■ **EXERCISE GOAL**
Please repeat the line that contains "Desembarco de ministros" and every line after it, exactly, through the end of the records.

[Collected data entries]

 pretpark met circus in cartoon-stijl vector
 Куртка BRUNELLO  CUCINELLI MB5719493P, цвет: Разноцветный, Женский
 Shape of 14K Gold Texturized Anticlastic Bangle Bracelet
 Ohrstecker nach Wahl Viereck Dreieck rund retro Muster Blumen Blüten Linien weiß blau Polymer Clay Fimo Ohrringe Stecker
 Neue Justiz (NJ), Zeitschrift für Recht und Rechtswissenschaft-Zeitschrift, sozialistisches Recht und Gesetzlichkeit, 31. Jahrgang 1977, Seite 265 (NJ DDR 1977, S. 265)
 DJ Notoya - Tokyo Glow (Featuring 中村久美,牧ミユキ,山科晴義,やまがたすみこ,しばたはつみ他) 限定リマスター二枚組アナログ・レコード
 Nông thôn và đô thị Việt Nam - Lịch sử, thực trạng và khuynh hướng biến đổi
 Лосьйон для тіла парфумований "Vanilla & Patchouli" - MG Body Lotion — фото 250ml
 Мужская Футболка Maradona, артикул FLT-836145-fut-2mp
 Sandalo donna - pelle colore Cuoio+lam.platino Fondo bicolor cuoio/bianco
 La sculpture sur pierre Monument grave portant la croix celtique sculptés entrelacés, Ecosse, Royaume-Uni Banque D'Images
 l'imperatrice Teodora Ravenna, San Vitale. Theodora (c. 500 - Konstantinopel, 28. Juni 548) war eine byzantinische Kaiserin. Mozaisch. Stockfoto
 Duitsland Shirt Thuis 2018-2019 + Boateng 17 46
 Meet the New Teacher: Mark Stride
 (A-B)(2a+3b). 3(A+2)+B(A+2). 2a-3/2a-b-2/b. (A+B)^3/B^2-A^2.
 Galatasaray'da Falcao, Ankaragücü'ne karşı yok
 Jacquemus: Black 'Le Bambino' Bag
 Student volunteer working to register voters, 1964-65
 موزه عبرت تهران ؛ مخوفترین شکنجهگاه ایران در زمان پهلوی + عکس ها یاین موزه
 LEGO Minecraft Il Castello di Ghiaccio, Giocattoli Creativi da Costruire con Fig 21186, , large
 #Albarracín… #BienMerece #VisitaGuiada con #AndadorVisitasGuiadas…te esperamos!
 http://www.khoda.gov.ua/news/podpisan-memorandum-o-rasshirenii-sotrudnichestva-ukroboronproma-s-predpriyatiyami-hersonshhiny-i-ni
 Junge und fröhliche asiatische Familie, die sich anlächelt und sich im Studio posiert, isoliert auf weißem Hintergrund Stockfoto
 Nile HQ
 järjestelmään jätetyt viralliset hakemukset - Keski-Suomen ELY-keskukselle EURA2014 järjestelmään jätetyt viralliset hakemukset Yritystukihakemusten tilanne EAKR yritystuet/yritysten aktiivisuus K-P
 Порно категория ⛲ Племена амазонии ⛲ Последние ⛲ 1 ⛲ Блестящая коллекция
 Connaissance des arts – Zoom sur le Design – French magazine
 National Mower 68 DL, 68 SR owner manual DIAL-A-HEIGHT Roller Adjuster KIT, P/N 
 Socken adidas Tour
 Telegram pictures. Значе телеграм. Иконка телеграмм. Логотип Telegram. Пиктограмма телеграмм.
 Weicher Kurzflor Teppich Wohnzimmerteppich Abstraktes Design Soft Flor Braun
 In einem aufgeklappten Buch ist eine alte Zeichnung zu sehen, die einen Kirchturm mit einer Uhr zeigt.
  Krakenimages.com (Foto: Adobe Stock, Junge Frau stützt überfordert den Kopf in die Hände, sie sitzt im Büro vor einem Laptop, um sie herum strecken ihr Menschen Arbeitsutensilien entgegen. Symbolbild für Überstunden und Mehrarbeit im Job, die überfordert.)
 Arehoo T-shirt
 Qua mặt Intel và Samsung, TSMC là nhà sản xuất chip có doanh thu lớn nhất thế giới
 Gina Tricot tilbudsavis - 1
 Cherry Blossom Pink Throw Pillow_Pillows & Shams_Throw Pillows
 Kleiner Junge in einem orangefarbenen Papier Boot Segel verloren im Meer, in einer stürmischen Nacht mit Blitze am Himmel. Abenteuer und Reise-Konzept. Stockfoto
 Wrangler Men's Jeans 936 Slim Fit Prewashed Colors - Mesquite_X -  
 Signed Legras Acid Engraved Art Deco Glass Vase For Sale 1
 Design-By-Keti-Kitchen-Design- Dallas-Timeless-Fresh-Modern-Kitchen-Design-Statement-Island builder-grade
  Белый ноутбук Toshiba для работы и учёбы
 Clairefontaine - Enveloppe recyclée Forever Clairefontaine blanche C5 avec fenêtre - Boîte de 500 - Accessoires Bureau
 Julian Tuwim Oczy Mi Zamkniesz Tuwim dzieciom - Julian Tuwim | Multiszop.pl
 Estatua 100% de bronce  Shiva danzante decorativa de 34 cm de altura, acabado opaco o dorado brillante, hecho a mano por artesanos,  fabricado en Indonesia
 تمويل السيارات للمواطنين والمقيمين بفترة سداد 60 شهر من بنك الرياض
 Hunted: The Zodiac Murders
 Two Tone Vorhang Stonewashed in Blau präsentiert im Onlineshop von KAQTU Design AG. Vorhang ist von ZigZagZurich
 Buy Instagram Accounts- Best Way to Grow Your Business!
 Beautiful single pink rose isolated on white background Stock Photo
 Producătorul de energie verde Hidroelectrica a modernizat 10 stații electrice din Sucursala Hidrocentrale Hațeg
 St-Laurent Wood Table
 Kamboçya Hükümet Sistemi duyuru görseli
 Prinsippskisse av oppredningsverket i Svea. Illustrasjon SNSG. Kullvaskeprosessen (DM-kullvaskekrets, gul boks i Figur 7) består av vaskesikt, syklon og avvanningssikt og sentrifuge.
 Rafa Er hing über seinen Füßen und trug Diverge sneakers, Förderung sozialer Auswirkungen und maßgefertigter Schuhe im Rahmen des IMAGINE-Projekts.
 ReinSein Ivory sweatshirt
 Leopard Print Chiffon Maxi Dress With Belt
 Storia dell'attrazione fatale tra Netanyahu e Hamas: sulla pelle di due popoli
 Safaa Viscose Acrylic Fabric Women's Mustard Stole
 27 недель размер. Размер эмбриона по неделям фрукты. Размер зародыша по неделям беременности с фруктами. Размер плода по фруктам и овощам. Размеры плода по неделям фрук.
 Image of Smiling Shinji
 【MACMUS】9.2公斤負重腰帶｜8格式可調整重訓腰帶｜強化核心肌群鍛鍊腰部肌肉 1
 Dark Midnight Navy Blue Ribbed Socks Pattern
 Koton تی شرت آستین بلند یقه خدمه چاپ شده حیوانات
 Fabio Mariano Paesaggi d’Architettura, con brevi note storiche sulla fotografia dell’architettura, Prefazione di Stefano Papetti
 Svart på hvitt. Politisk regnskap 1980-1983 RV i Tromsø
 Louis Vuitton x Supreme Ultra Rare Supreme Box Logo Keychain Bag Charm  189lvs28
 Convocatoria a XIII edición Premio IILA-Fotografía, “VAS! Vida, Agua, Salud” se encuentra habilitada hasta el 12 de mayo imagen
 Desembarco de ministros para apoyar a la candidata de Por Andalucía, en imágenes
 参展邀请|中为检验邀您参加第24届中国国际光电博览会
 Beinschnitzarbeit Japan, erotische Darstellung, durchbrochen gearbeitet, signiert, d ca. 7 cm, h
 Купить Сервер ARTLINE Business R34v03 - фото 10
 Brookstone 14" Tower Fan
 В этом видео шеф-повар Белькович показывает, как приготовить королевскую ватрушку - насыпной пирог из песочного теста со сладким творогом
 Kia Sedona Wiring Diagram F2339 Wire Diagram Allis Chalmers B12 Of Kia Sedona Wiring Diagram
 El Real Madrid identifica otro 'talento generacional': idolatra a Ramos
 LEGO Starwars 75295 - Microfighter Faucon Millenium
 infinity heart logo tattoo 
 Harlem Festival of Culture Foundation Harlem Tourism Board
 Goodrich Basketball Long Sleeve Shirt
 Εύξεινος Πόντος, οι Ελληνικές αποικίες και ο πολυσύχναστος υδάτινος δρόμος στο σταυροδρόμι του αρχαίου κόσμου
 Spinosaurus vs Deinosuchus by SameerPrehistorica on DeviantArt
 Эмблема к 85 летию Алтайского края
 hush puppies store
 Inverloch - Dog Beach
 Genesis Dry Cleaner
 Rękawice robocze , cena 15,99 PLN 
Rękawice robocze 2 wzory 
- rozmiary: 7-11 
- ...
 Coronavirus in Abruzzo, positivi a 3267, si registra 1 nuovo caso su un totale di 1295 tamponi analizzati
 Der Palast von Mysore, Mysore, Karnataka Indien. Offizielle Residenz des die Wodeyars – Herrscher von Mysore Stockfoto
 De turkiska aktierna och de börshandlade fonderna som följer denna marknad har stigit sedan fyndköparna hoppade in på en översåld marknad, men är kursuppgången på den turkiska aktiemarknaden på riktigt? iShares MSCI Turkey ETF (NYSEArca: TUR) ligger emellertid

■ **TASK RESULT**
 Desembarco de ministros para apoyar a la candidata de Por Andalucía, en imágenes
 参展邀请|中为检验邀您参加第24届中国国际光电博览会
 Beinschnitzarbeit Japan, erotische Darstellung, durchbrochen gearbeitet, signiert, d ca. 7 cm, h
 Купить Сервер ARTLINE Business R34v03 - фото 10
 Brookstone 14" Tower Fan
 В этом видео шеф-повар Белькович показывает, как приготовить королевскую ватрушку - насыпной пирог из песочного теста со сладким творогом
 Kia Sedona Wiring Diagram F2339 Wire Diagram Allis Chalmers B12 Of Kia Sedona Wiring Diagram
 El Real Madrid identifica otro 'talento generacional': idolatra a Ramos
 LEGO Starwars 75295 - Microfighter Faucon Millenium
 infinity heart logo tattoo 
 Harlem Festival of Culture Foundation Harlem Tourism Board
 Goodrich Basketball Long Sleeve Shirt
 Εύξεινος Πόντος, οι Ελληνικές αποικίες και ο πολυσύχναστος υδάτινος δρόμος στο σταυροδρόμι του αρχαίου κόσμου
 Spinosaurus vs Deinosuchus by SameerPrehistorica on DeviantArt
 Эмблема к 85 летию Алтайского края
 hush puppies store
 Inverloch - Dog Beach
 Genesis Dry Cleaner
 Rękawice robocze , cena 15,99 PLN 
Rękawice robocze 2 wzory 
- rozmiary: 7-11 
- ...
 Coronavirus in Abruzzo, positivi a 3267, si registra 1 nuovo caso su un totale di 1295 tamponi analizzati
 Der Palast von Mysore, Mysore, Karnataka Indien. Offizielle Residenz des die Wodeyars – Herrscher von Mysore Stockfoto
 De turkiska aktierna och de börshandlade fonderna som följer denna marknad har stigit sedan fyndköparna hoppade in på en översåld marknad, men är kursuppgången på den turkiska aktiemarknaden på riktigt? iShares MSCI Turkey ETF (NYSEArca: TUR) ligger emellertid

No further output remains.